What’s in My Skater Bag: Protective Gear

When you first skate with us, you can borrow pads from whatever we happen to have available at the time (with the exception of a mouth guard). But before you can graduate from Betty status, you must purchase your gear. Here is what we require:

Knee Pads: If you spend “extra” on one piece of gear, invest in good kneepads. Most new skaters get ProTecs, which are a great starter pad, but if you ask any of our veteran skaters who have experienced knee problems, they will tell you the extra money is well worth the higher end pads.  Most of our vets use 187s. They last much longer than less-expensive kneepads and protect your knees much better! Make sure your pads fit tightly. Loose pads will slide off and leave your bare knees to take the brunt of falls. Trust us. It hurts and can keep you off of skates for a few months!!

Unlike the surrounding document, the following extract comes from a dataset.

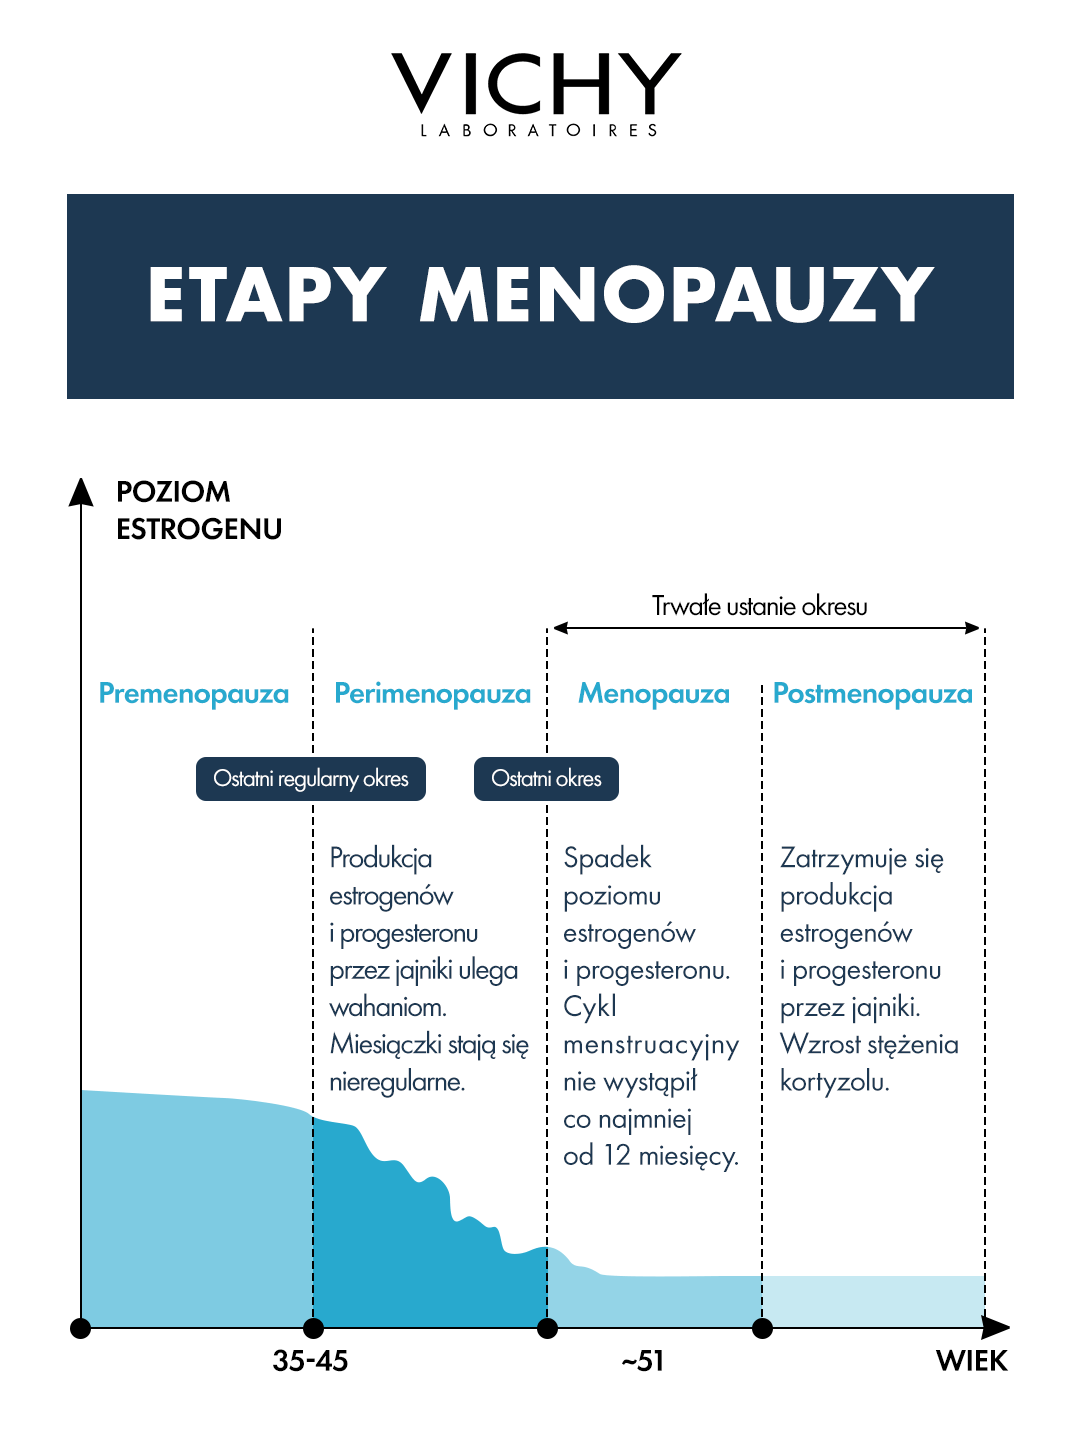 Etapy menopauzy a miesiączka

Wrist Guards: Unless you have weak wrists, we really have no recommendation for these other than make sure they fit you properly.

Elbow Pads: Unless you have chronic elbow problems, ProTecs are a good elbow pad for the money. But they do tend to stretch out over time. 187s are more expensive but may last you longer and will definitely offer more support.

Helmet: Skateboard helmets are recommended. ProTec is a good brand. The Bomber helmet of choice seems to be the TSG Evolution. It is a little more expensive but fits like a glove. Just make whatever helmet you get fits snuggly. You don’t want it to move around when you shake your head.  If the padding gets worn out you can buy replacement padding, but if the helmet shell cracks you need to replace the helmet.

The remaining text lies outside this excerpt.